И башен-близнецов больше нет. Одна ещё стоит, возвышается над обломками соседа, переломившегося ровно посередине и лежащего сейчас грудой обломков на храмовой площади. Интересно, чья же башня уцелела — Мекарта или Лисофии? Божья пара всегда так и называлась, и никто никогда не задумывался, кто из них стоял слева, а кто справа.
Вокруг города картина не лучше. Вместо густых рощ — чернота усохших стволов, вместо полей — голая серая пустошь. Сходи до озера, что на западе, глянь через линзу — и увидишь пустую впадину без единой капли влаги.

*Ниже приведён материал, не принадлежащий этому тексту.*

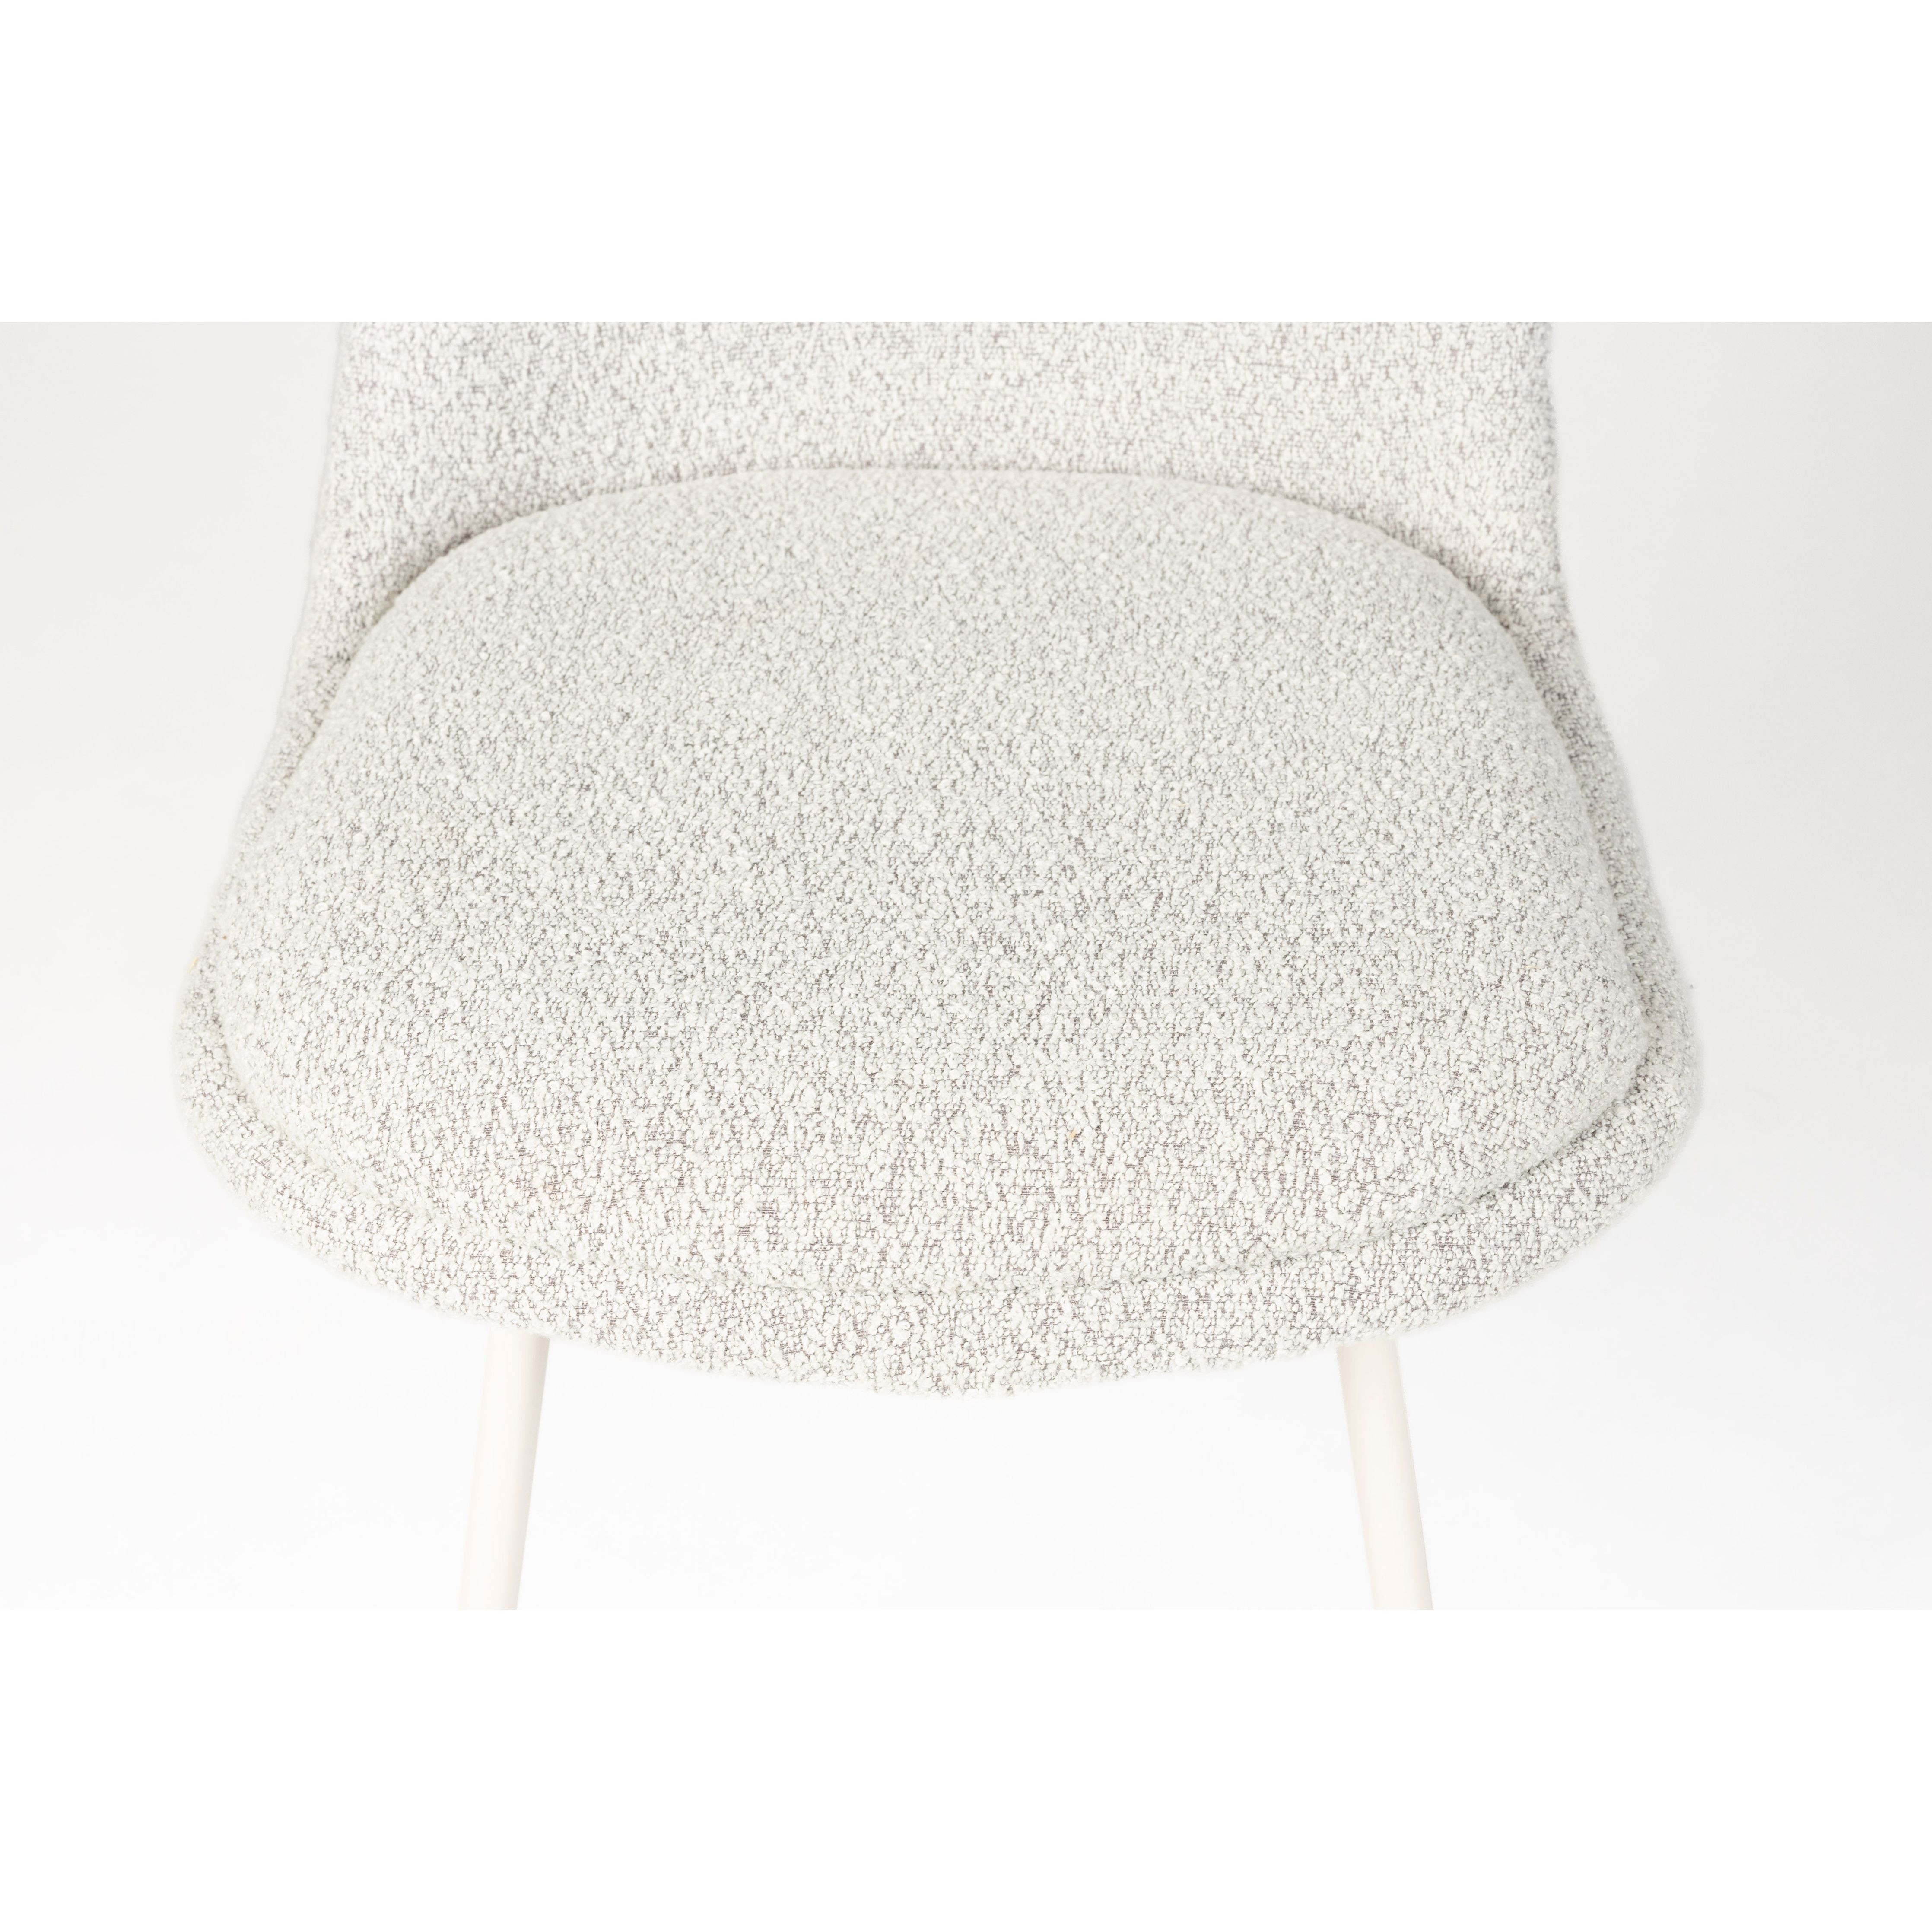 Chair fijs off white | 2 pieces

Единственное, что не претерпело изменений, так это Турта. Всё так же стоит на горизонте, разве что теперь куда лучше вписывается в окружающий пейзаж.
Вот такое оно, наше будущее. Надейтесь сколько угодно, что дальше столицы проклятие не пойдёт, но правда — вот она, в этом стёклышке на шестерёнках. Всё уже предрешено, и заранее известно, как будут выглядеть все ваши города, поля и леса, когда зараза доползёт до них.

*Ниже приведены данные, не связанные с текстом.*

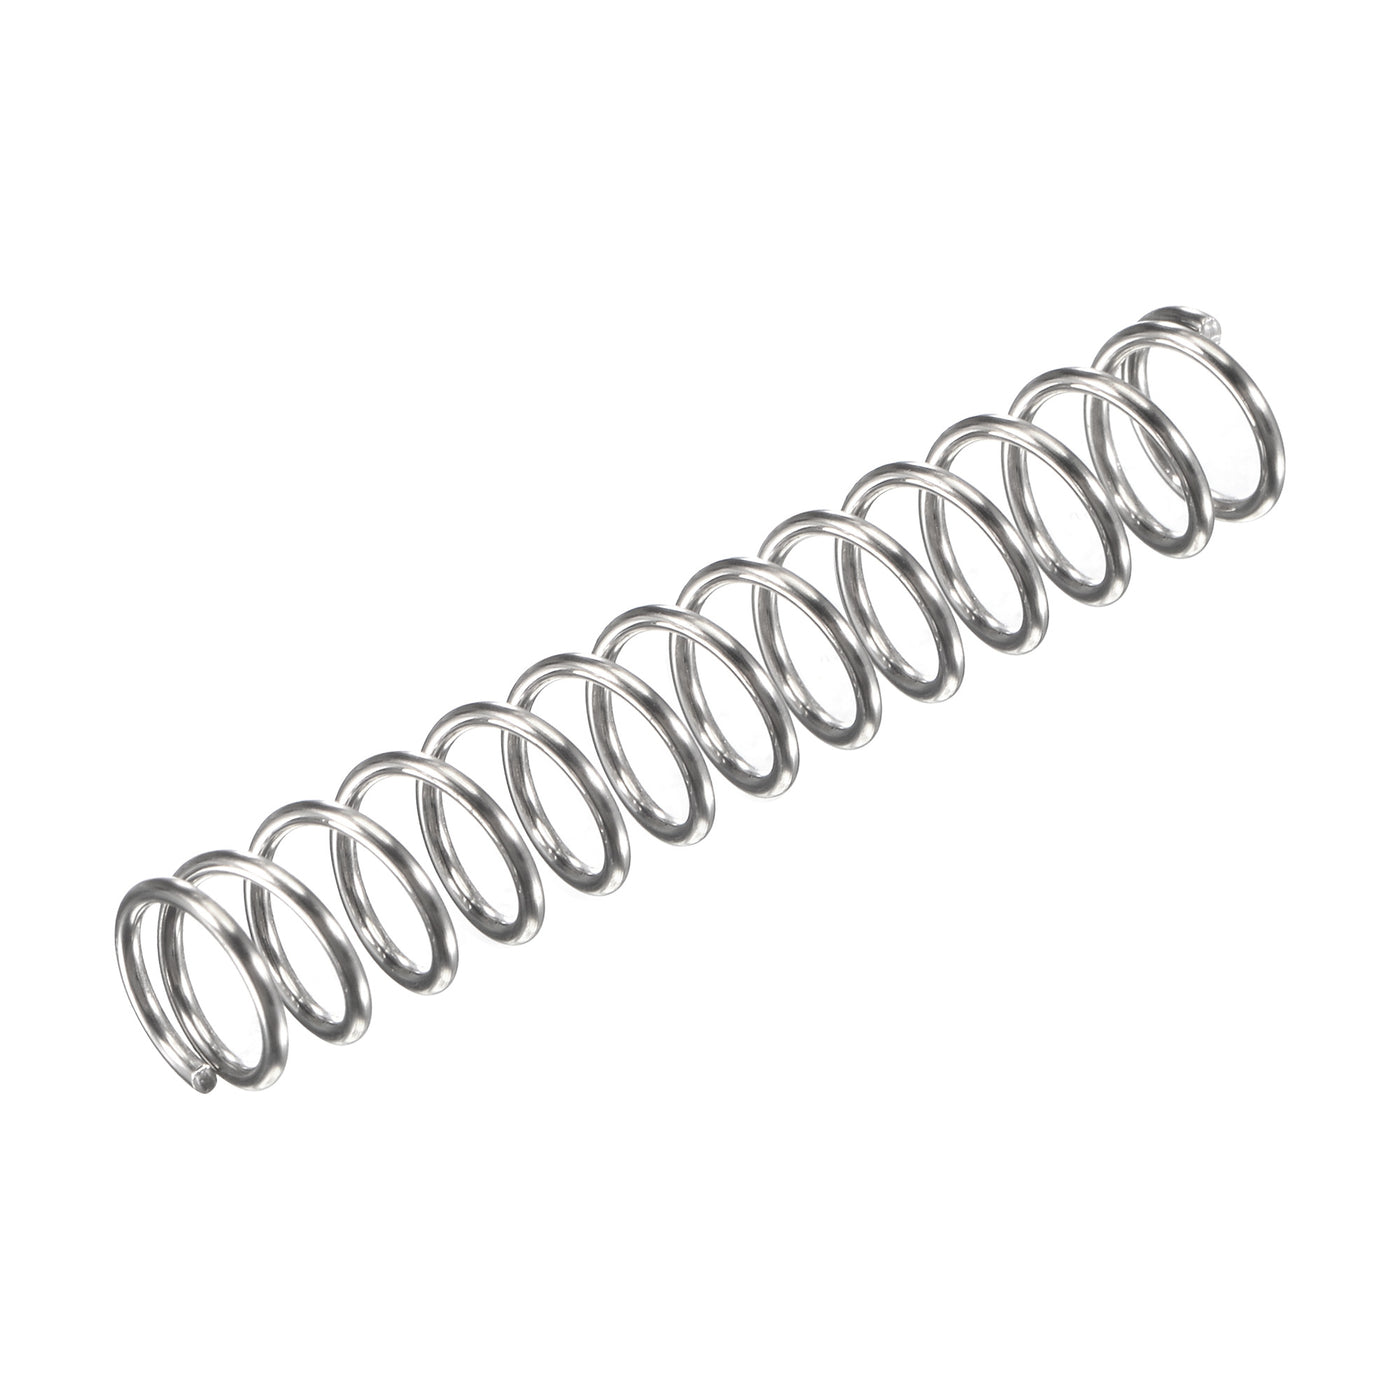 uxcell Uxcell 7mmx0.8mmx35mm 304 Stainless Steel Compression Spring 17.2N Load Capacity 30pcs

А значит, живи, пока можешь, и не надейся на божью помощь. Вон они, боги. Один уже обвалился, да и второй скоро рассыплется рядом с ним, и наша почитаемая божья пара вновь объединится.
К счастью, у Линсона имелся план, как утяжелить свой кошелёк и, если не спастись от проклятия, то хотя бы укатить от него как можно дальше, хоть на край света. А уж там видно будет, сколько нажитого богатства он успеет спустить, прежде чем этот грешный мир встретит свой конец.
Закрытый волшебной линзой глаз осматривал мрачную панораму, пальцы медленно крутили широкую шестерню вокруг стекла, приближая и отдаляя изображение. Без своих волшебных свойств Окуляр мог бы стать неплохой заменой биноклю, но если и был способ переключить фокус на реальный мир, Линсон так и не отыскал нужного рычажка.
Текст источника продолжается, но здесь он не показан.